DATA BLOCK below:

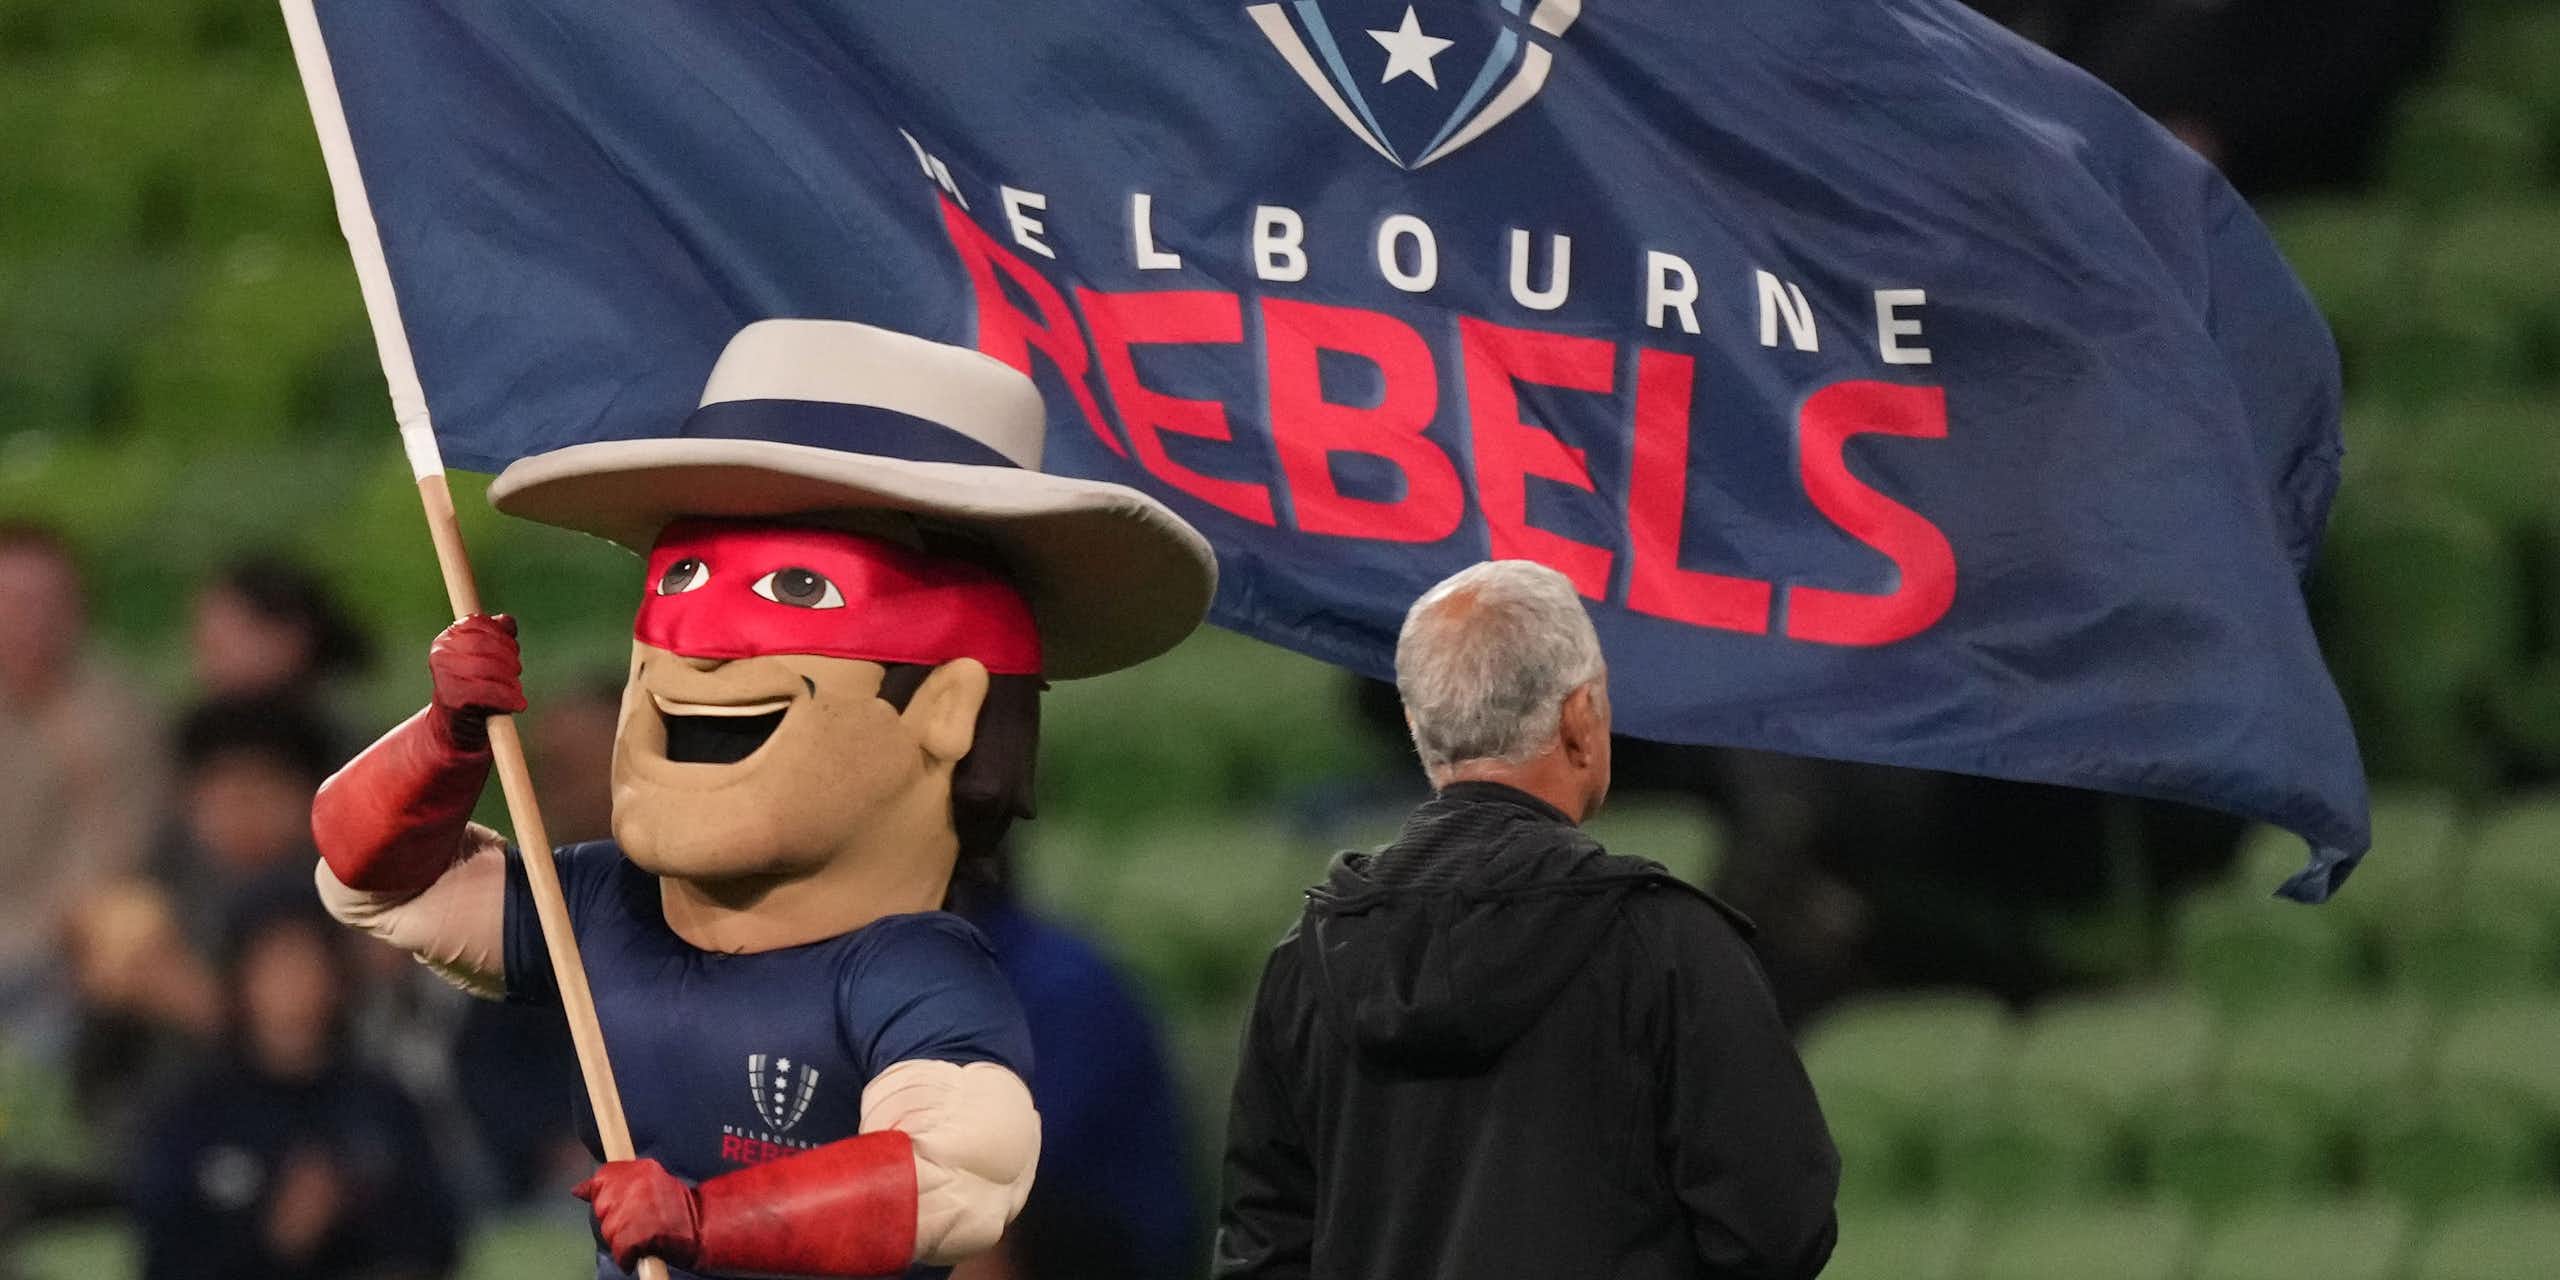 The Melbourne Rebels mascot waves the club flag during a game
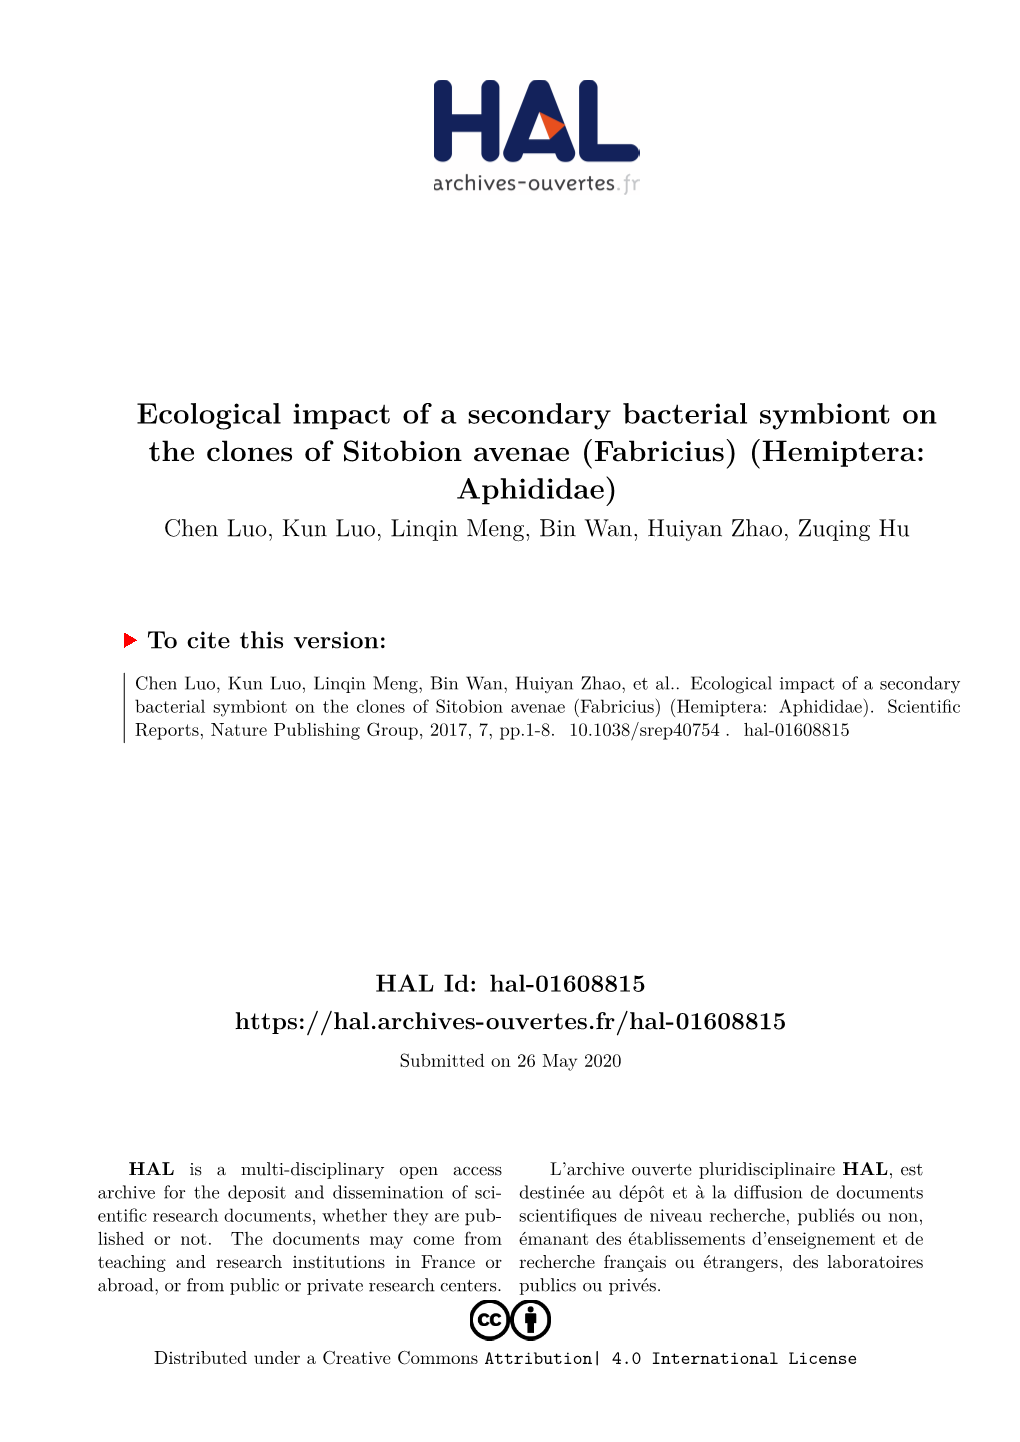 Ecological Impact of a Secondary Bacterial Symbiont on the Clones Of
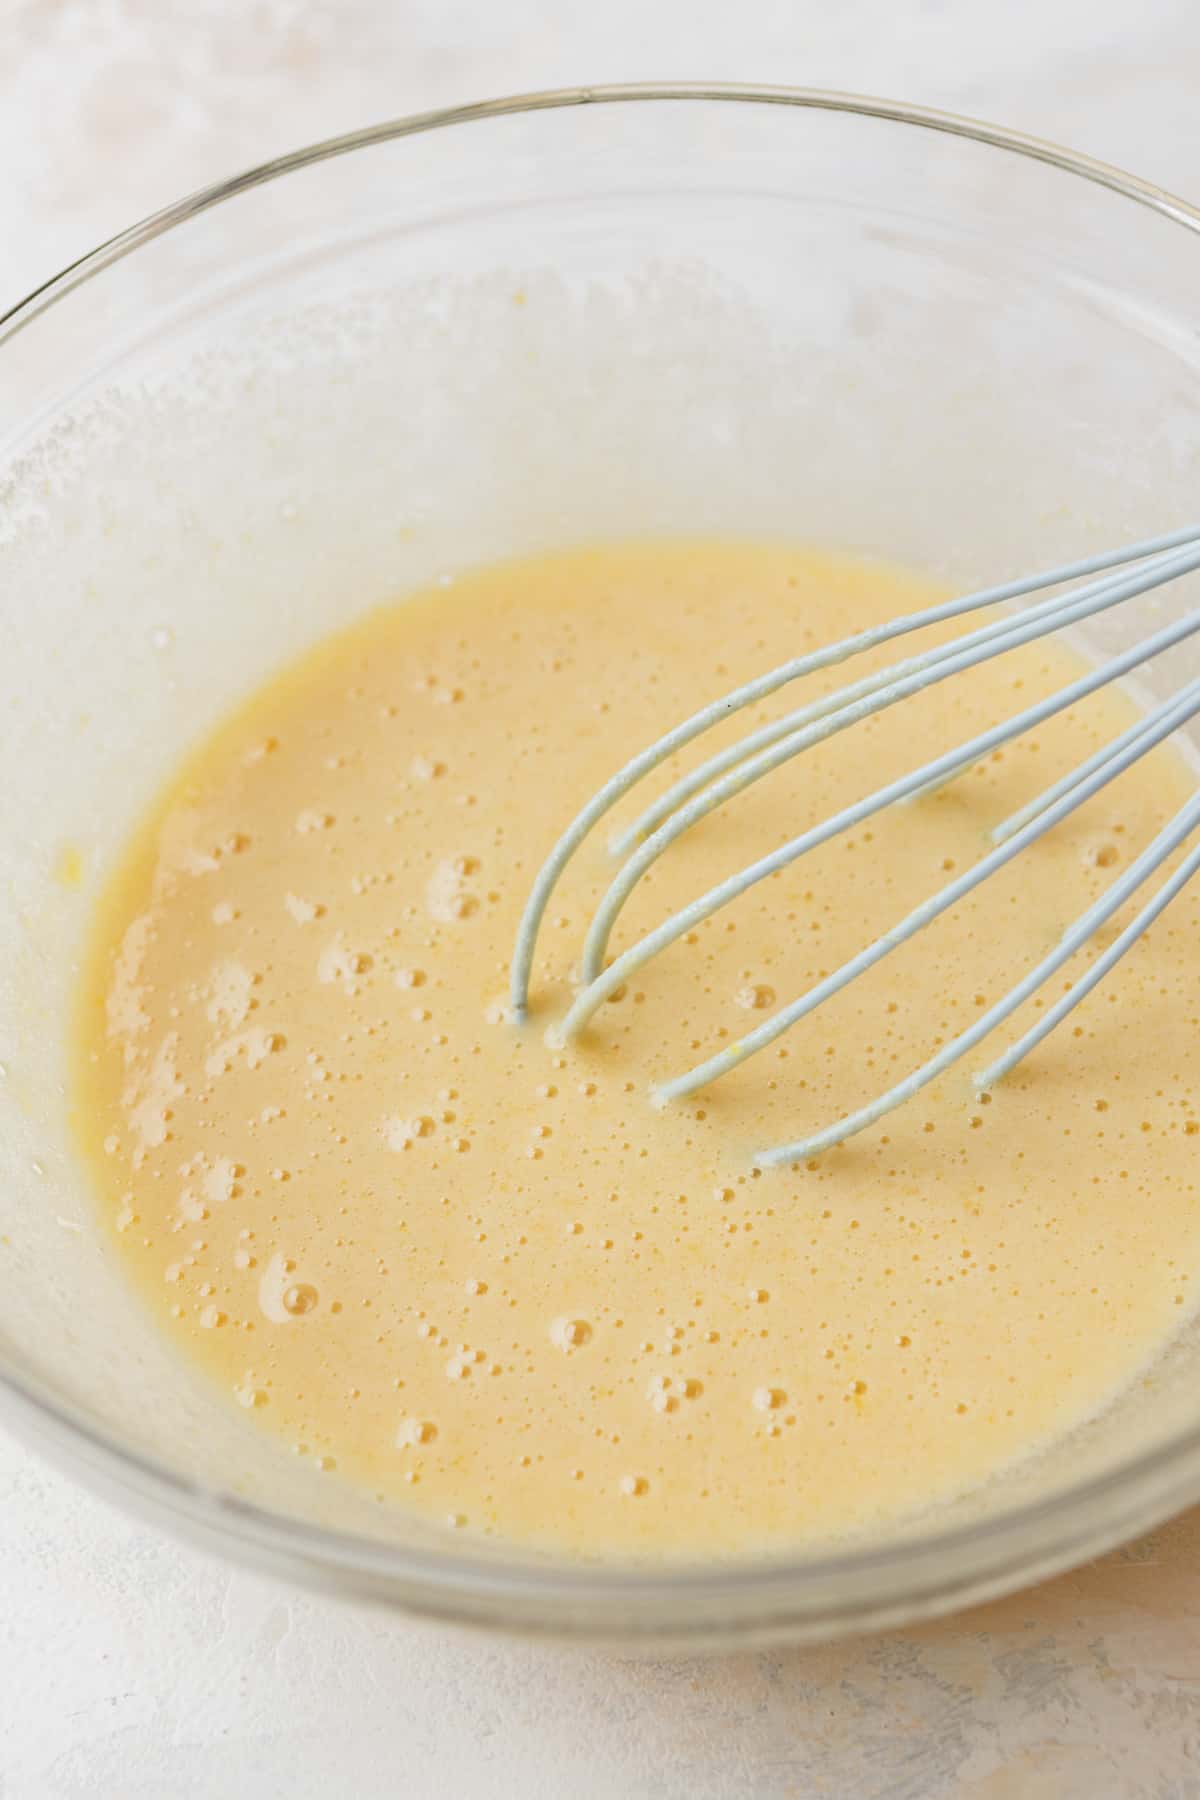 Eggs and sugar whisked together in a glass bowl.

End of DATA BLOCK.

• _EXERCISE_: Transcribe the material exactly, and leave out whatever pictures it holds.

• _RESULT OF THIS EXERCISE_:
 The Melbourne Rebels mascot waves the club flag during a game
 Ecological Impact of a Secondary Bacterial Symbiont on the Clones Of
 Eggs and sugar whisked together in a glass bowl.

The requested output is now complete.